Your task: Please say how many lines in the records below contain the word "Bengal". Give only the number.

Source data
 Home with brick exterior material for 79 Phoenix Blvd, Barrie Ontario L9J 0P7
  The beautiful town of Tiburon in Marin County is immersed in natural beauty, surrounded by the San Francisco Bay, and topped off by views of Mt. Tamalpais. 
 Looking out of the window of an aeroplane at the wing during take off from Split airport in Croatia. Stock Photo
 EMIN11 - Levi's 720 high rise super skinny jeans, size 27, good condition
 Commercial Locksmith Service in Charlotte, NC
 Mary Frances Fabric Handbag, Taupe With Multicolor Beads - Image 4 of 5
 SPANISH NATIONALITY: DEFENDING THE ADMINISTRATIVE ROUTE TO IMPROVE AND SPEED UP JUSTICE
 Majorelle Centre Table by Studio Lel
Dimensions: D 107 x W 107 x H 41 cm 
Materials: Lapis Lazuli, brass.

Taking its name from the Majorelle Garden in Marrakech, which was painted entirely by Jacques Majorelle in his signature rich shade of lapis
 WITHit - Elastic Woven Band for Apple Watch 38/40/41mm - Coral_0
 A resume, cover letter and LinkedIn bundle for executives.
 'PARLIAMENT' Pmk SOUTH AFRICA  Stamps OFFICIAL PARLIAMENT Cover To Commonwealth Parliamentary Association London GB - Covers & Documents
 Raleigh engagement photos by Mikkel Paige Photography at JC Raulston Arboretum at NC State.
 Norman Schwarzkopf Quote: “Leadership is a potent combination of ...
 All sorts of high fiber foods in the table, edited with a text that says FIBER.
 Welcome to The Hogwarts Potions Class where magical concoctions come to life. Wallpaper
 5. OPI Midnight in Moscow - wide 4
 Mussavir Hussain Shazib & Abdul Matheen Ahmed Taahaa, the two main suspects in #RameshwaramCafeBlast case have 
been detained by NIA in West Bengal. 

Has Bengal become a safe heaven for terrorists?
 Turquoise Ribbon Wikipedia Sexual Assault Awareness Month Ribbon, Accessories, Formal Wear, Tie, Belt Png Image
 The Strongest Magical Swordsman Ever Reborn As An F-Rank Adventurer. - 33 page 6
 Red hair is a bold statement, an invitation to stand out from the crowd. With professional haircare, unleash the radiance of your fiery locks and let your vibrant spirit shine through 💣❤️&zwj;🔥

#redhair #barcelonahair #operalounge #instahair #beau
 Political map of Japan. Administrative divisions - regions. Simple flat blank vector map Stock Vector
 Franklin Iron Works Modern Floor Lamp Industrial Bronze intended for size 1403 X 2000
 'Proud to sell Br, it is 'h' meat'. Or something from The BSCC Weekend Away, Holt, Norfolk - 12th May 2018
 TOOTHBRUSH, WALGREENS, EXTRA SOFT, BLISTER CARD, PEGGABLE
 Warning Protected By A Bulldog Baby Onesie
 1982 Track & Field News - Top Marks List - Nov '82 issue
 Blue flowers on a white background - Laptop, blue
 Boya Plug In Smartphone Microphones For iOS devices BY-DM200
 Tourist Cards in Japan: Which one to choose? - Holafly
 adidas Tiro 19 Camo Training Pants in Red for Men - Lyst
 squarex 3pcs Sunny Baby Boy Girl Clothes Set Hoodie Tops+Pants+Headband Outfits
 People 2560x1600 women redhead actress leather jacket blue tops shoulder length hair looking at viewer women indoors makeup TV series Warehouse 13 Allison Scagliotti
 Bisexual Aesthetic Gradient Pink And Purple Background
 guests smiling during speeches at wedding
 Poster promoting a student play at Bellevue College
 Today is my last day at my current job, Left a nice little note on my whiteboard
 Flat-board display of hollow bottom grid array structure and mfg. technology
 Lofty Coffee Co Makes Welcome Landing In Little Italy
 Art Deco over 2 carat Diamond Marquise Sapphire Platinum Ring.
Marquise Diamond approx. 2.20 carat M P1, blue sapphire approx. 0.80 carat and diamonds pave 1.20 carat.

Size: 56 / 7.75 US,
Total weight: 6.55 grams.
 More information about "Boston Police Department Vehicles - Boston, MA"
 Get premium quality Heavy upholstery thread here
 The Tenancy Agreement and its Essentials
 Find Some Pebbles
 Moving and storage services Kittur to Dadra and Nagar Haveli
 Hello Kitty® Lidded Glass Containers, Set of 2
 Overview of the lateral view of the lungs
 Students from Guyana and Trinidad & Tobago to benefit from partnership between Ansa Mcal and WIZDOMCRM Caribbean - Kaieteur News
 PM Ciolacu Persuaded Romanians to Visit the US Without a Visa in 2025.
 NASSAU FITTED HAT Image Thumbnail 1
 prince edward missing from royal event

Response for this exercise: 2